> Exercise objective:
In the records below, find the line with "Installation von Magnus", then copy each line exactly until you have copied the line with "2019经典蓝色商务风年终工作总结扬帆起航再创辉煌商务PPT模板". Leave any picture out.

> Records to use:
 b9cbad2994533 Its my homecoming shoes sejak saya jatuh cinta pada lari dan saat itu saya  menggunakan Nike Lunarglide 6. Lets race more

==

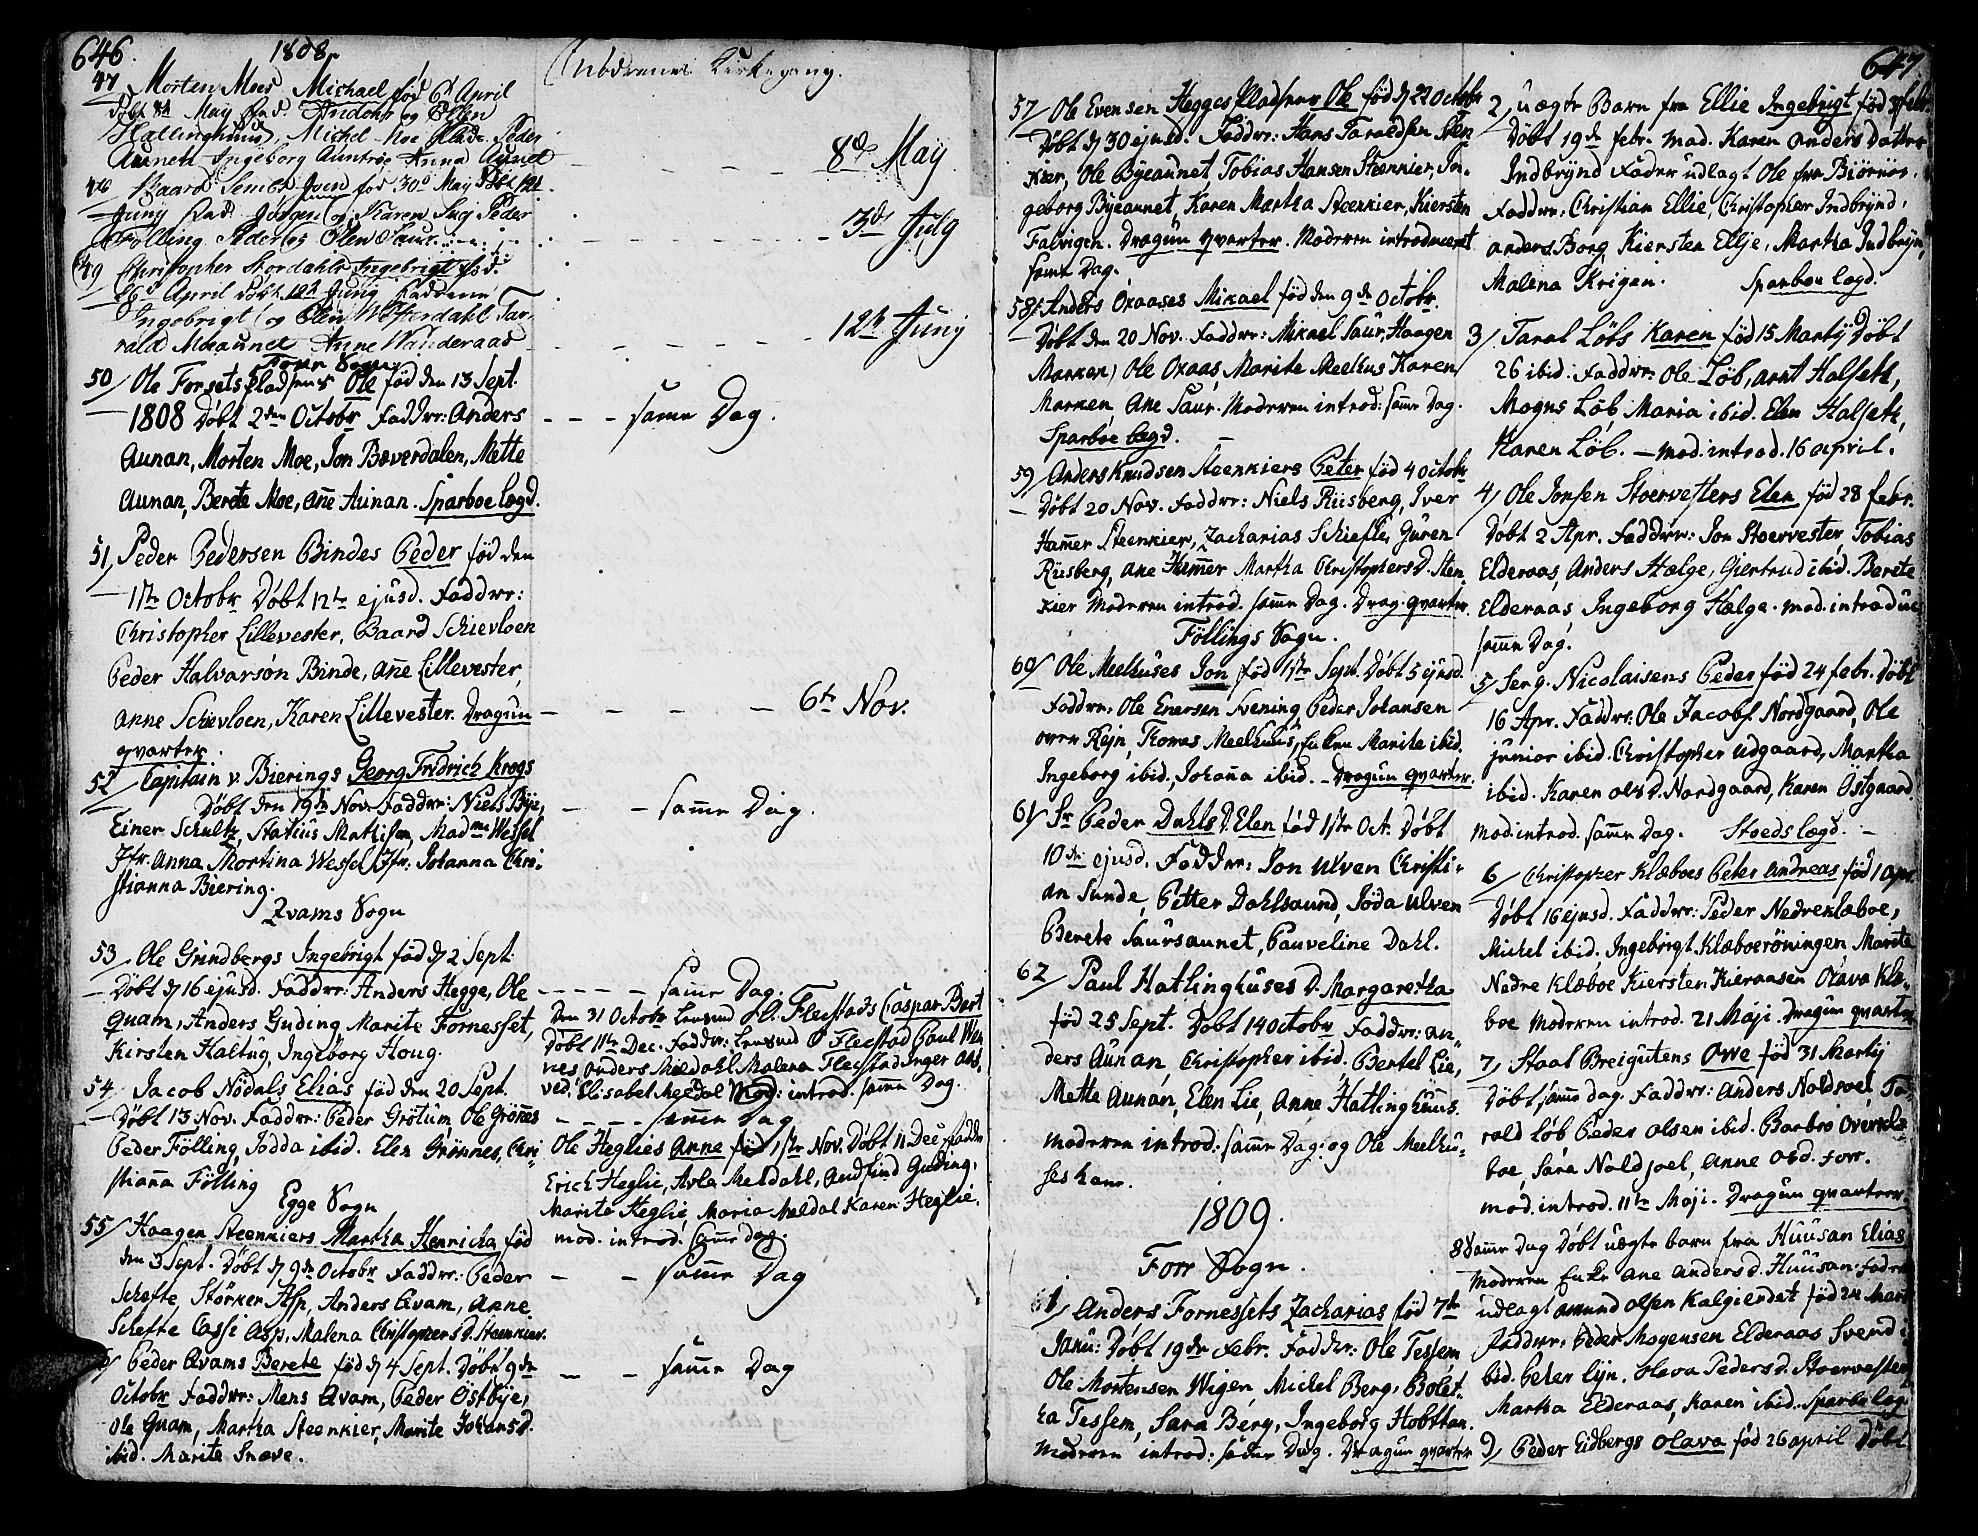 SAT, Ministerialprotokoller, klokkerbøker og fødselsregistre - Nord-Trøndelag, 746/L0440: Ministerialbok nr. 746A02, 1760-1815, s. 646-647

---

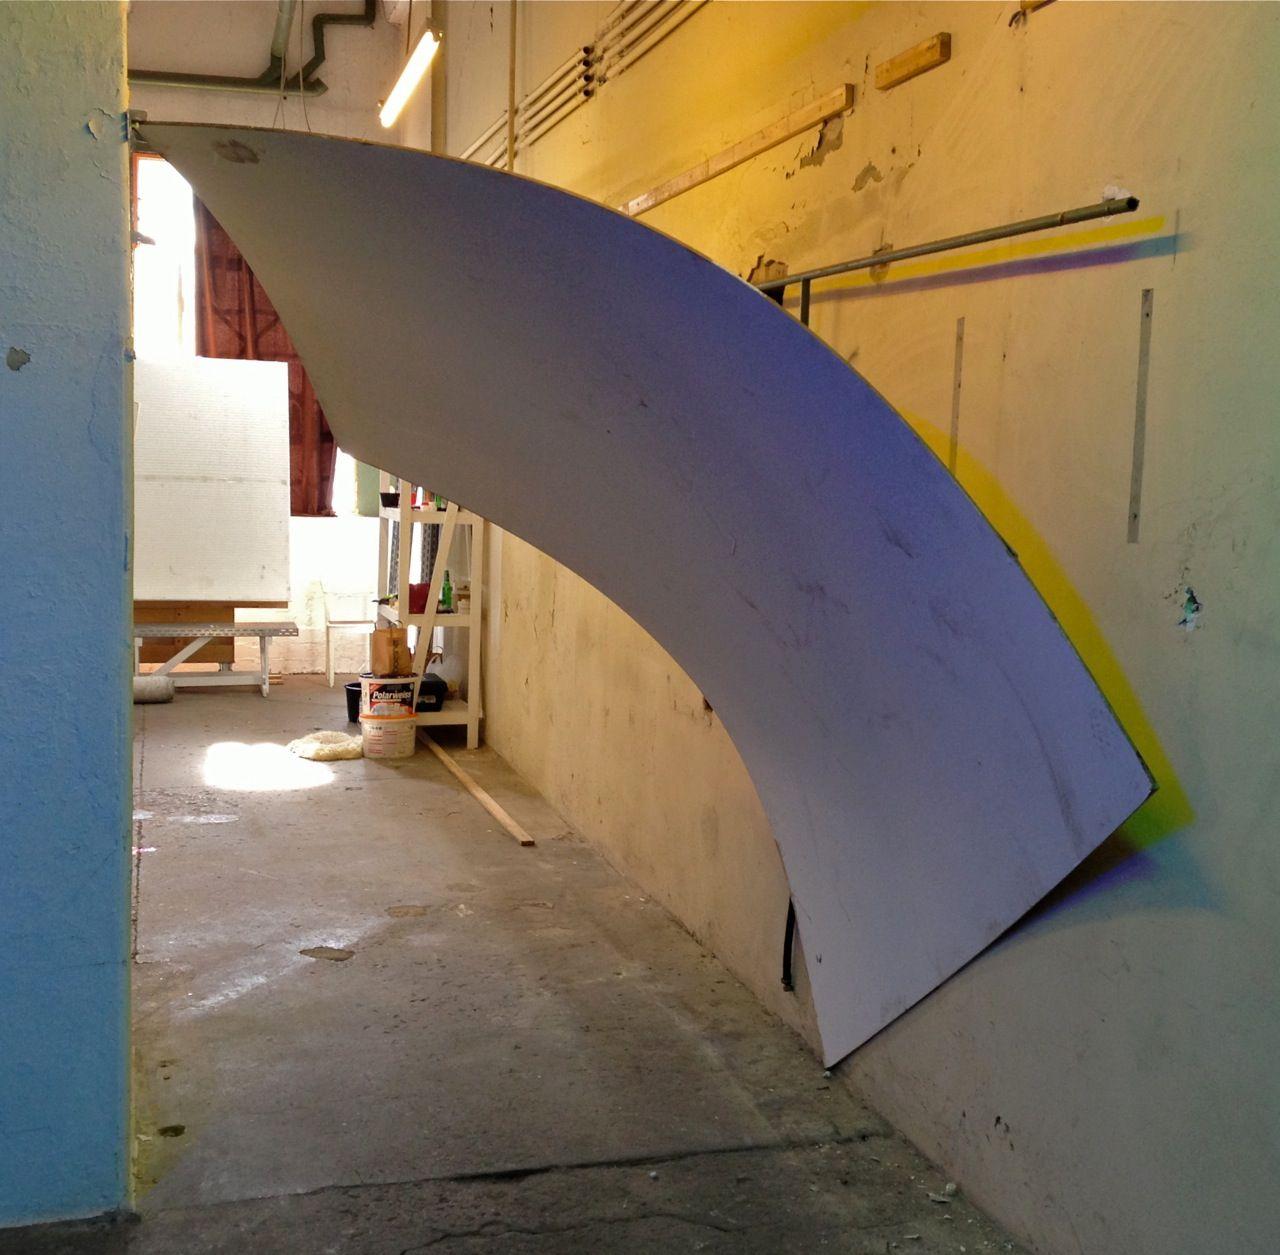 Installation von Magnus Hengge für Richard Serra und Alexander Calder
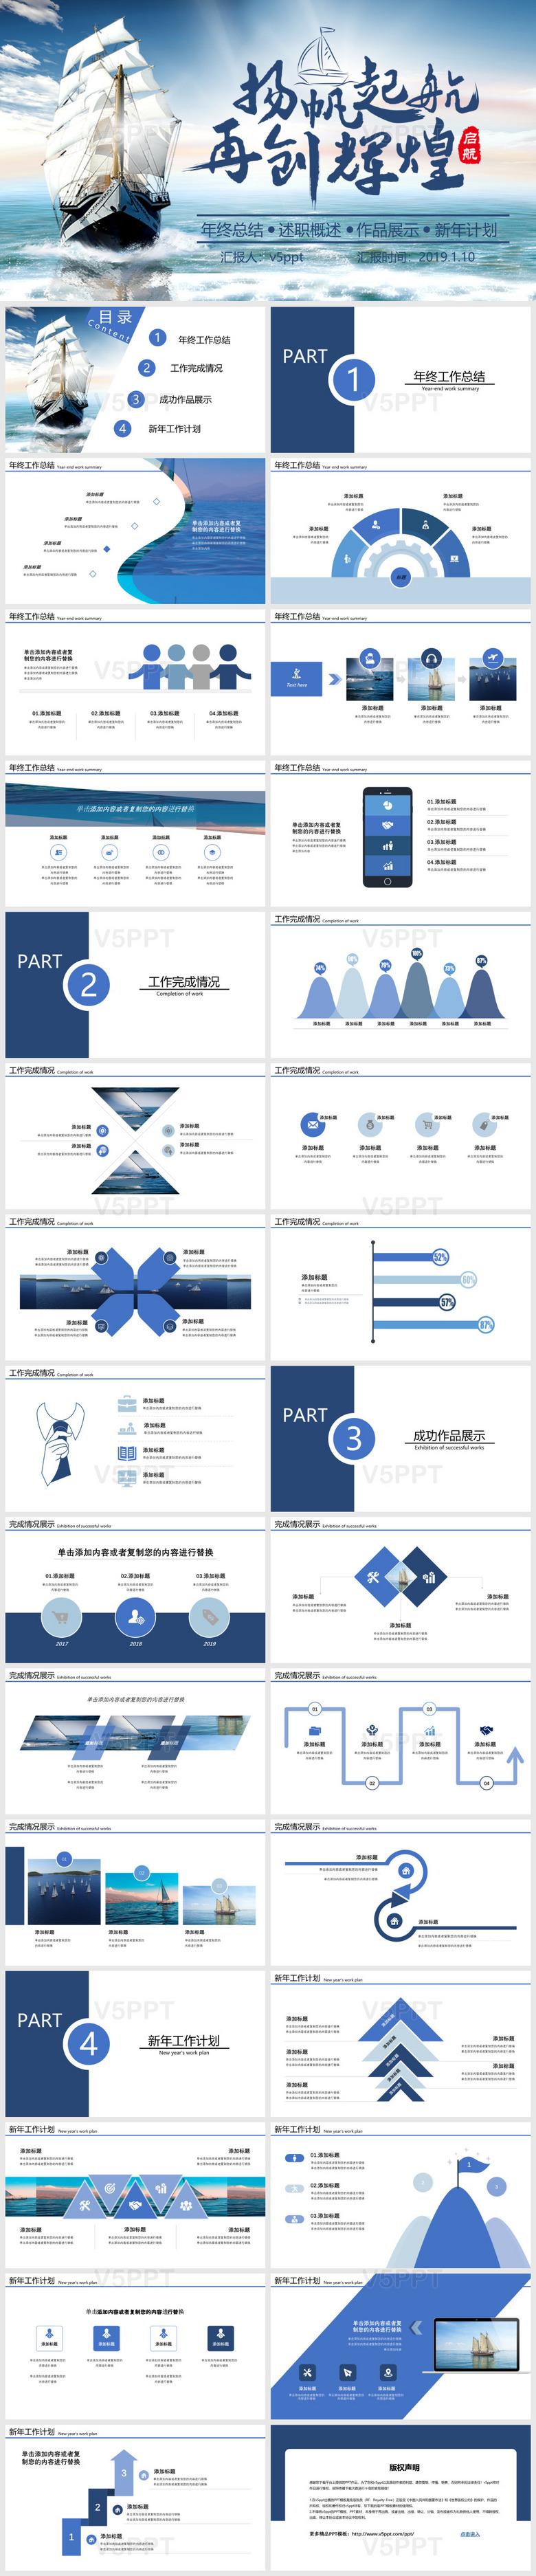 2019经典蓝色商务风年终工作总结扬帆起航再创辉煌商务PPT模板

> Expected answer:
 Installation von Magnus Hengge für Richard Serra und Alexander Calder
 2019经典蓝色商务风年终工作总结扬帆起航再创辉煌商务PPT模板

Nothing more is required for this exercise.